Prof. Dr. Haydar Sur, çalışmaların şiddet türlerinin en fazla erkek hasta yakınları tarafından gerçekleştirildiğini belirterek genel olarak sözel şiddete uğramada kadınların, fiziksel şiddete uğramada erkeklerin hem sözel hem fiziksel şiddete uğramada yine kadınların ve meslek olarak da hemşirelerin daha riskli gruplar olduğunu kaydetti. Sur, “Sağlık hizmetlerinde şiddeti anlamaya yönelik normatif yaklaşımlar yetersiz kalmakta ve sorgulanmaktadır. Ne ölçüde ve ne sebeple olursa olsun, sağlık hizmetlerinde şiddet kabul edilemez. Ancak bütün dünyada sağlıkta şiddetin varlığı da bir gerçektir. Sözgelişi, hemşirelik, dünyada polis memurlarının ardından en fazla şiddet riski altında olan ikinci meslek olarak kabul edilmektedir. Hekimlik de son dönemlerde hemşirelik kadar riskli hale gelmiştir” diye konuştu.

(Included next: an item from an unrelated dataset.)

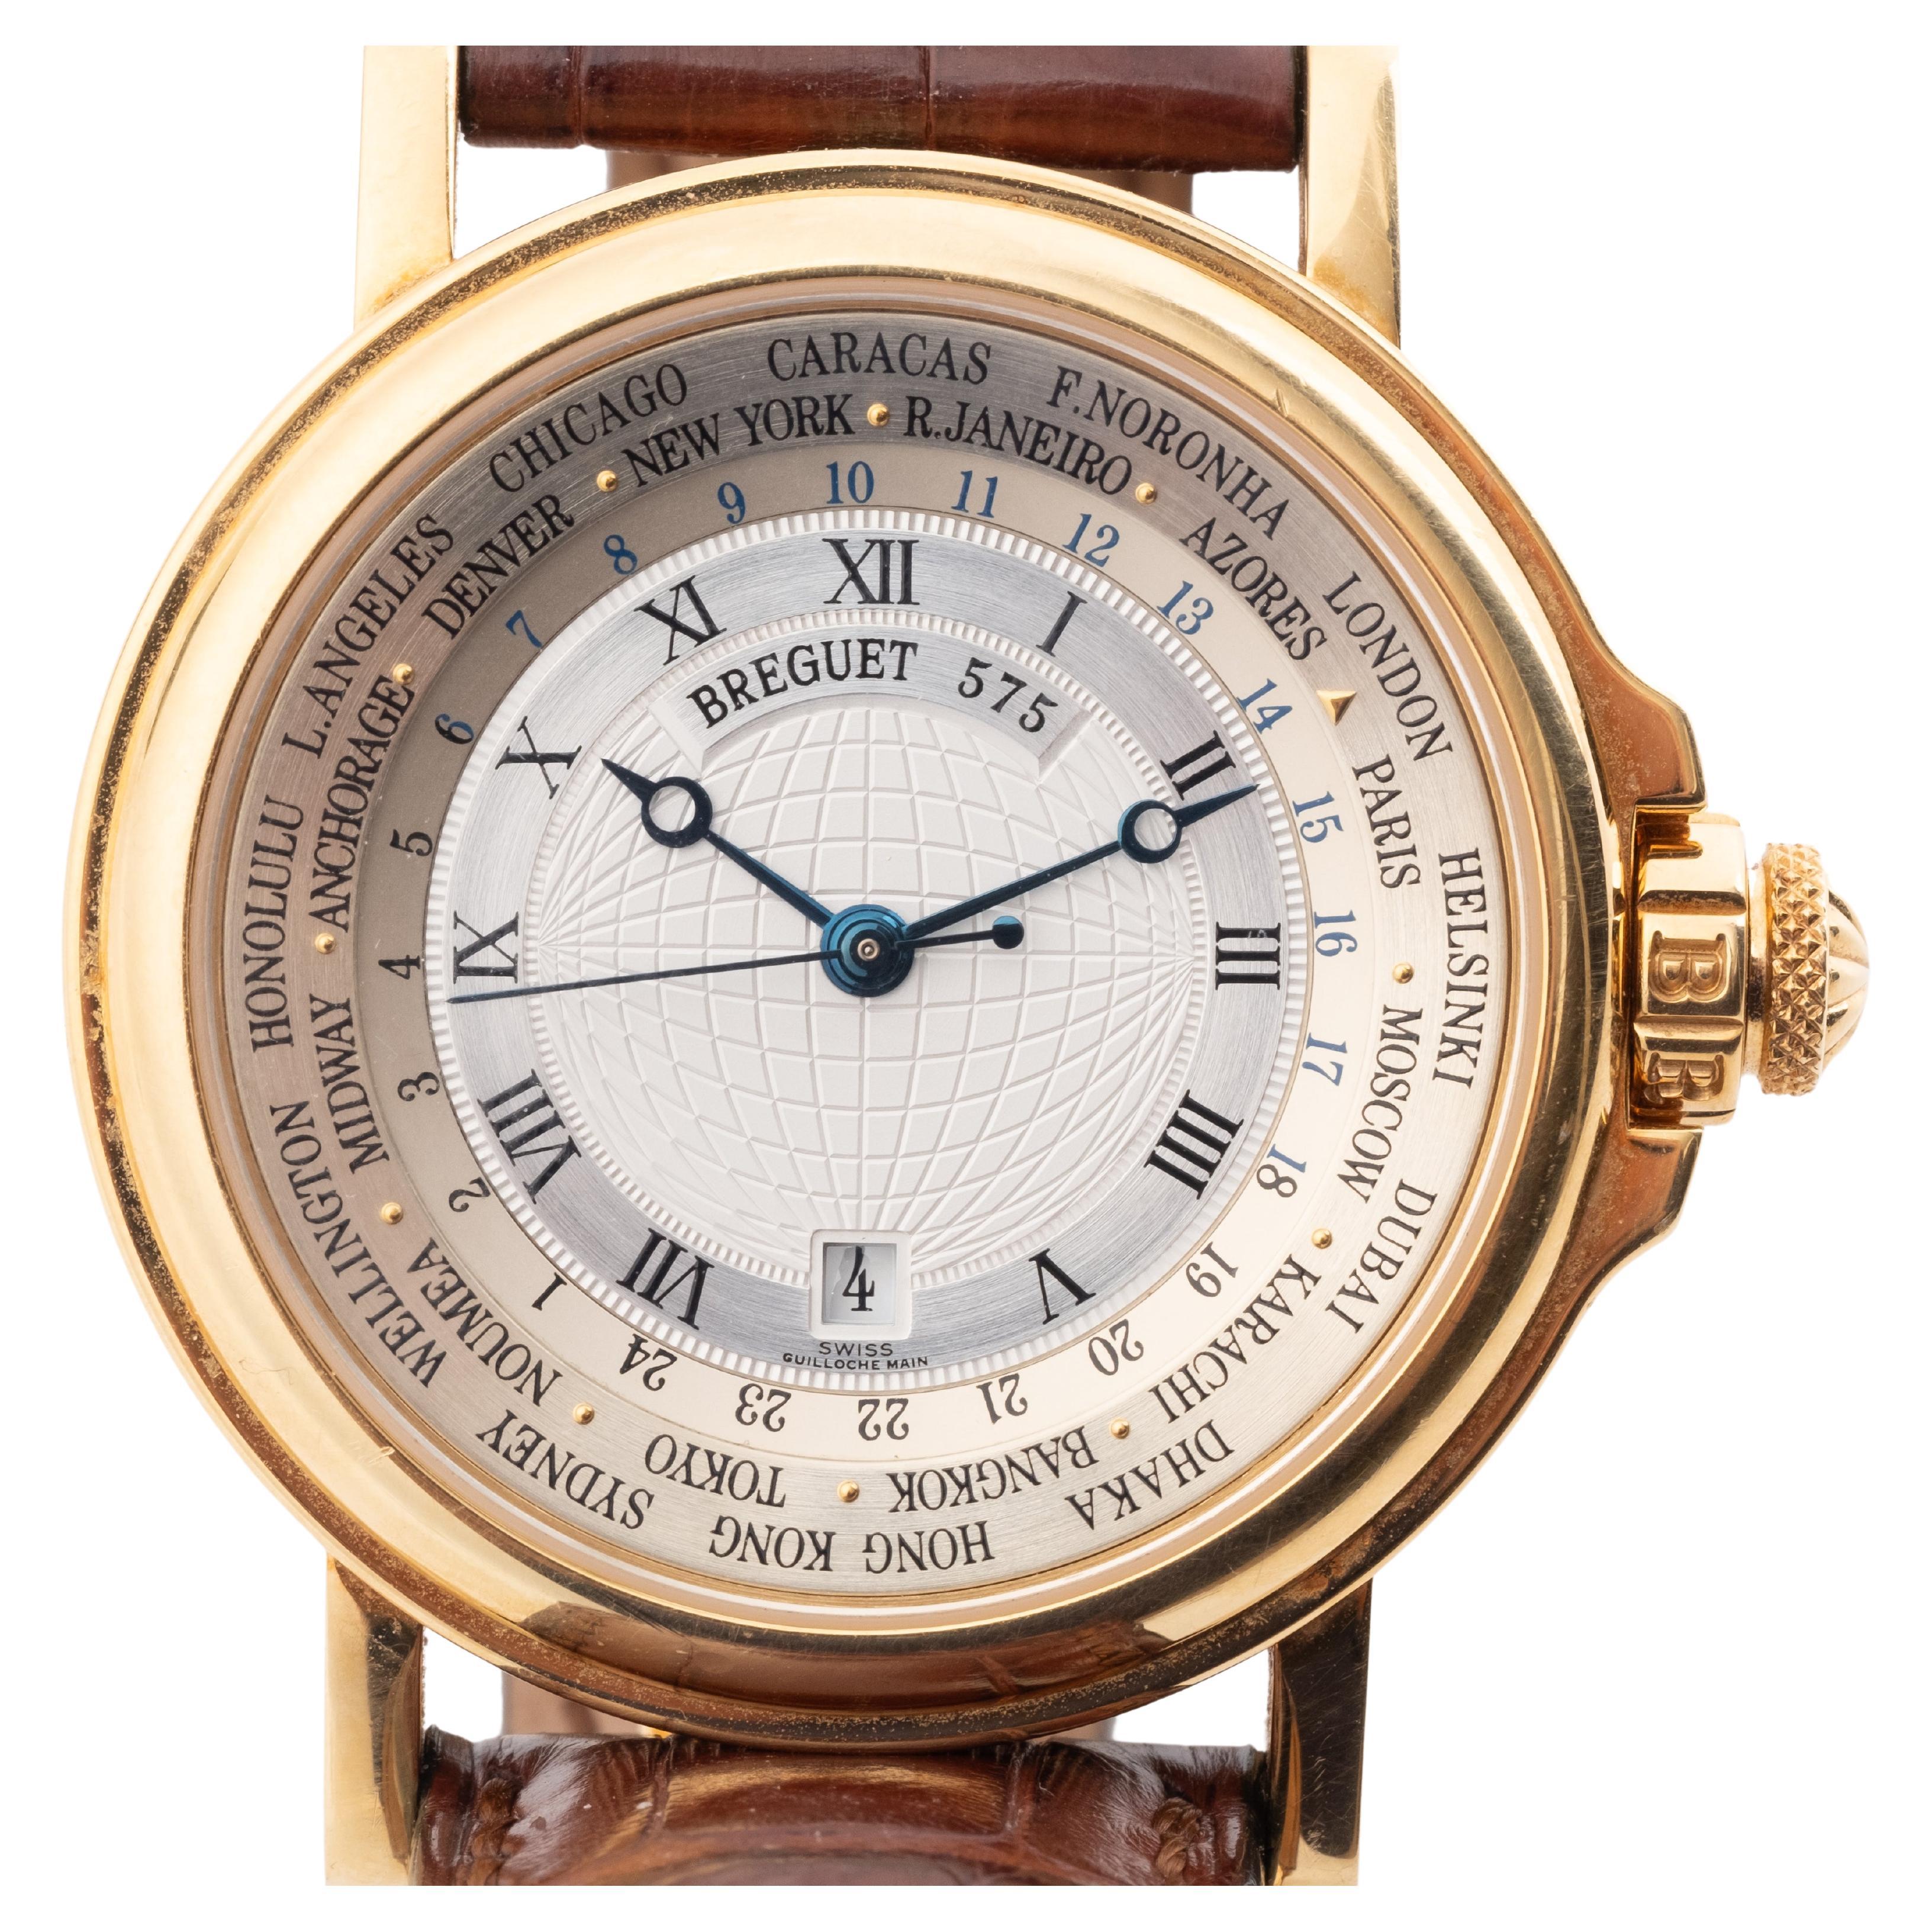 This wristwatch by Breguet, model Marine,World Time  reference 3700, dates back to around the year 2000. It features a 25-jewel Cal.563 automatic winding movement. The dial is silver, adorned with an engraved center reserve and an outer rotating
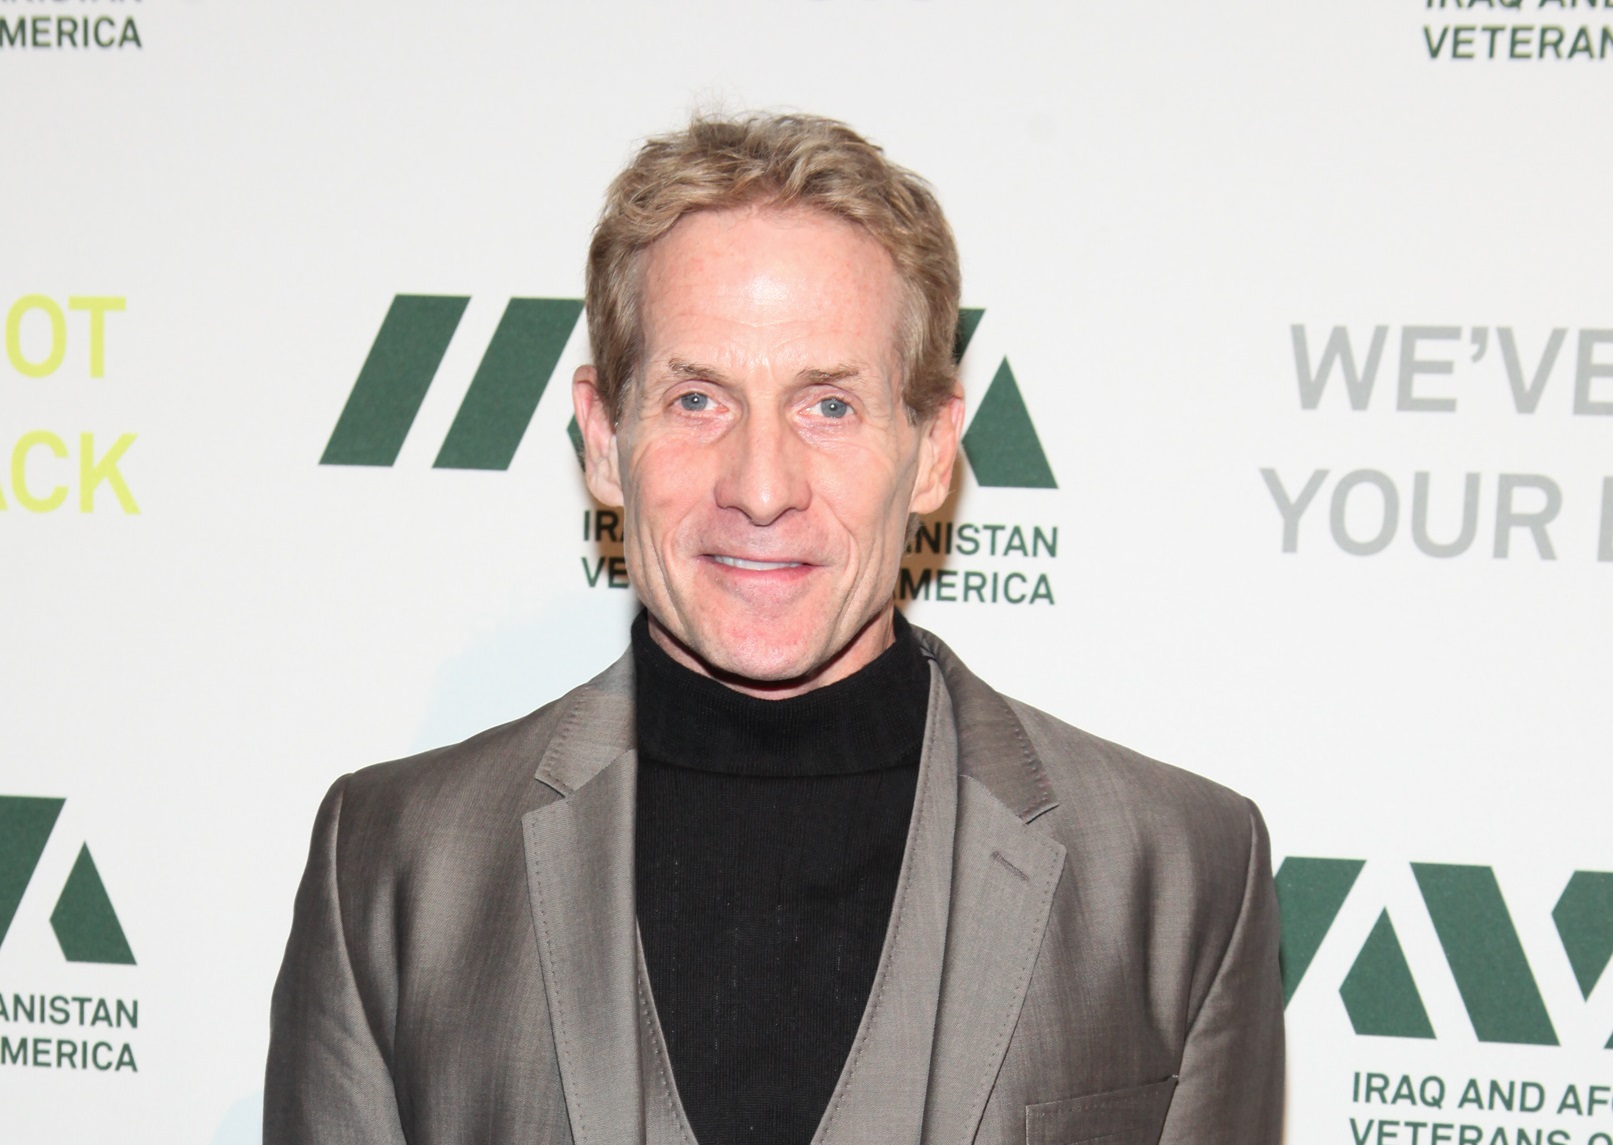 Skip Bayless Just Made the Worst Mistake of His Career

ŞİDDET ORANINDA CİDDİ ARTIŞ VAR
Şiddet oranındaki artışa da dikkat çeken Prof. Dr. Haydar Sur, şunları söyledi: “Türkiye’de 2009 yılı ve öncesi yüzde 21,2 olan sağlık görevlilerinin şiddet görme oranları, 2020 yılının ilk yarısında yüzde 54,9 olarak kayıtlara geçmiştir. Sağlık çalışanlarının yüzde 94,3’ünün mesleğini icra ederken çalışma hayatı boyunca en az bir kez sözlü ya da fiziksel şiddete maruz kaldığı tespit edilmiştir. Şiddete maruz kalan sağlık çalışanlarının yüzde 59,8’u 10 defa veya daha fazla, yüzde 21,6’sı ise 5-10 defa şiddet gördüğünü belirtmektedir. Mesleklerini icra ederken sağlık çalışanlarına uygulanan sözlü şiddet yüzde 62,7; hem sözlü hem fiziksel şiddet yüzde 35,9 oranındadır. Güvenlik güçlerinin yaşadıkları ayrı tutulursa, sağlık kuruluşları diğer iş yerlerine göre şiddete uğrama yönünden 16 kat daha riskli bulunmuştur.”